You can also visualize the file using Gephi. For that use './sample.bag --gephi'.

Note that a heterogeneous graph stores a lot of information in many different forms. For instance, each vertex/edge/arrow class can have its own attributes (for example, each 'File' vertex has a 'name' and a 'path' attribute) and these changes for each class. Use help(cls) to discover the available attributes and function for a given class in a Python script (for example, help(execution.Thread)).

Croutons

Croutons is a system to extract small refined parts of BAGUETTEs. It uses metagraphs, which are pattern graphs for heterogeneous graphs, to search through datasets of BAGUETTEs for particular behaviors.

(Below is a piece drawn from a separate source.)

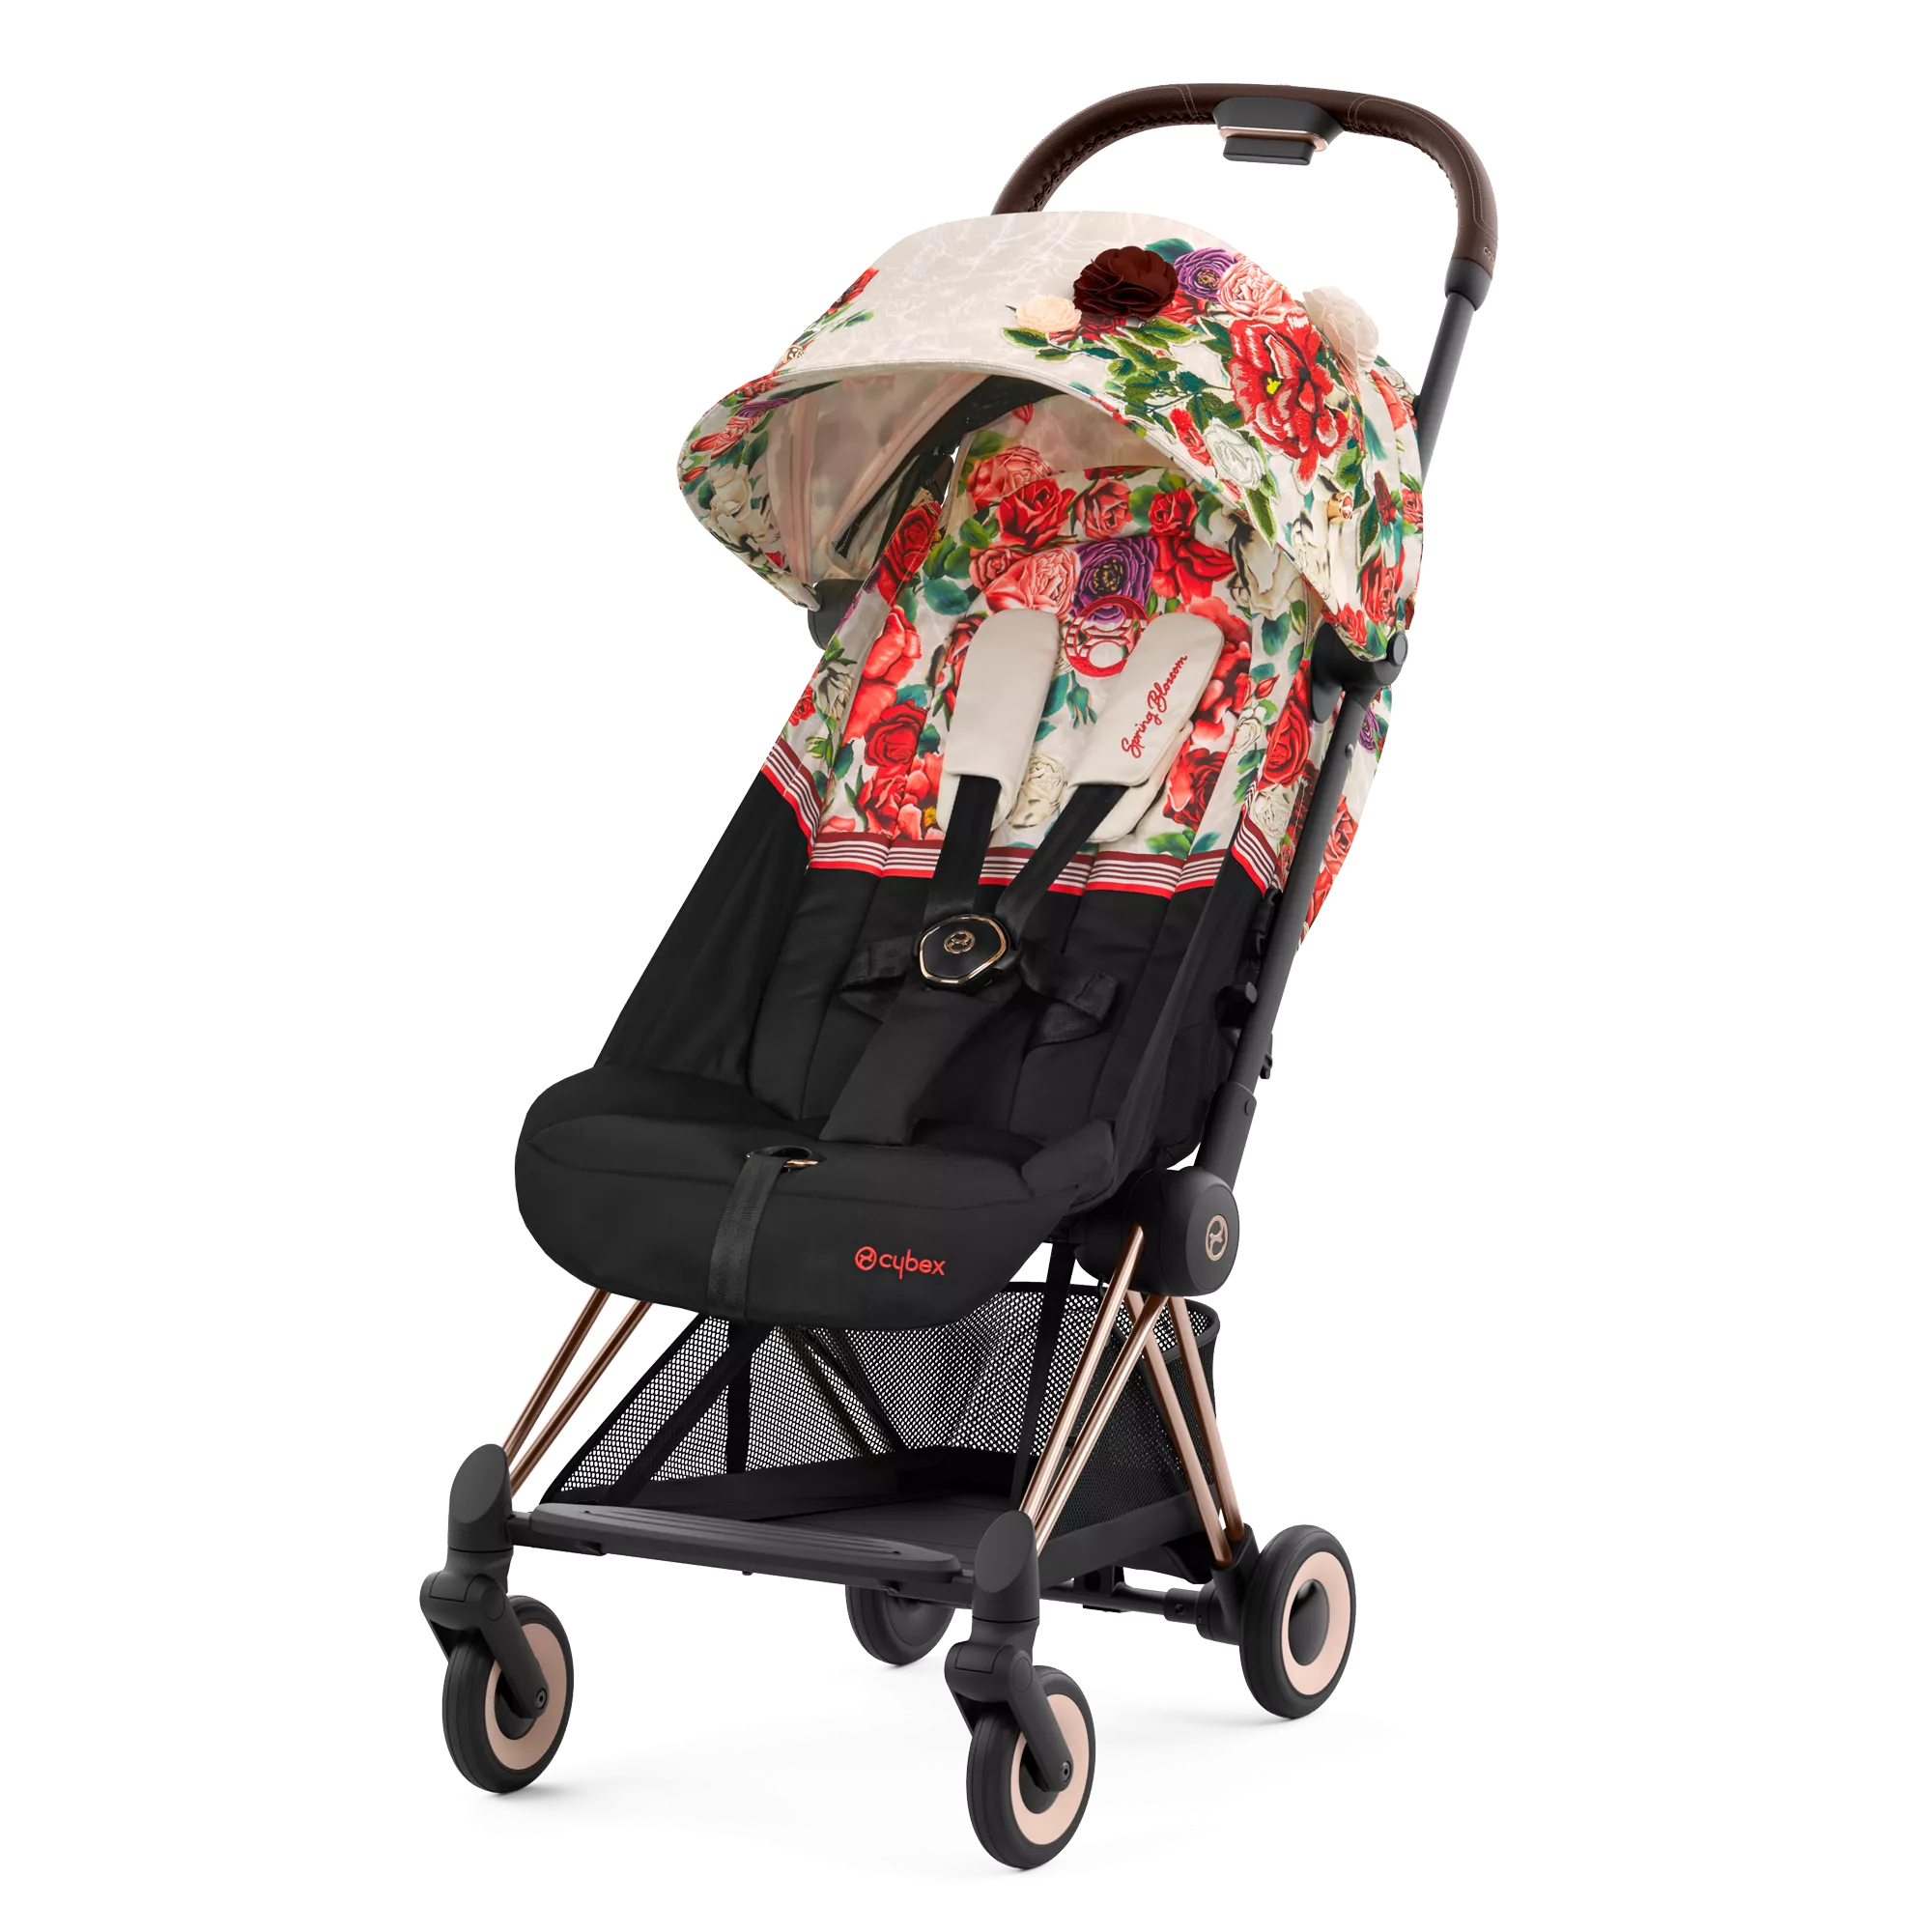 Cybex Coya | Spring Blossom - Fashion Collection

Metagraphs are stored in the metalib, and they can be created and manipulated using the interactive metalib prompt. For example, here is how to create your first metagraph which represent the action of writing high-entropy data into a file:

$ metalib
MetaLib interactive console.
Use save(MG, name) and load(name) to save and load MetaGraphs.
Use entries() to get a list of all MetaGraphs available in the library.
Use remove(name) to delete a MetaGraph from the library.
All useful types are loaded, including Graph and MetaGraph related types.
>>> entries()   # metalib is empty for now
[]

>>> MG = MetaGraph()    # Empty metagraph
>>> MG.file = MetaVertex[filesystem.File]   # First vertex
>>> MG.diff = MetaVertex[data.Diff]         # Second vertex
>>> MG.writes = MetaEdge(MG.file, MG.diff)[data.IsDiffOf]   # Edge between them
>>> MG.diff.condition = "x.written_entropy >= 6" # Condition on one vertex. Must be a string with "x" treated as a single parameter of a lambda expression

>>> save(MG, "HE-writing")  # Save metagraph
>>> entries()
['HE-writing']

Once you have defined the metagraphs you can export them with metalib export then use toast to search for those MetaGraph patterns in BAGUETTE graphs:

$ metalib export -o ./patterns.pyt
$ toast --help
usage: toast [--help] [--patterns [PATTERNS ...]] [--pool POOL] [--paint-color PAINT_COLOR | --no-paint] [--timeout TIMEOUT] [--verbosity] [--perf] baguettes [baguettes ...]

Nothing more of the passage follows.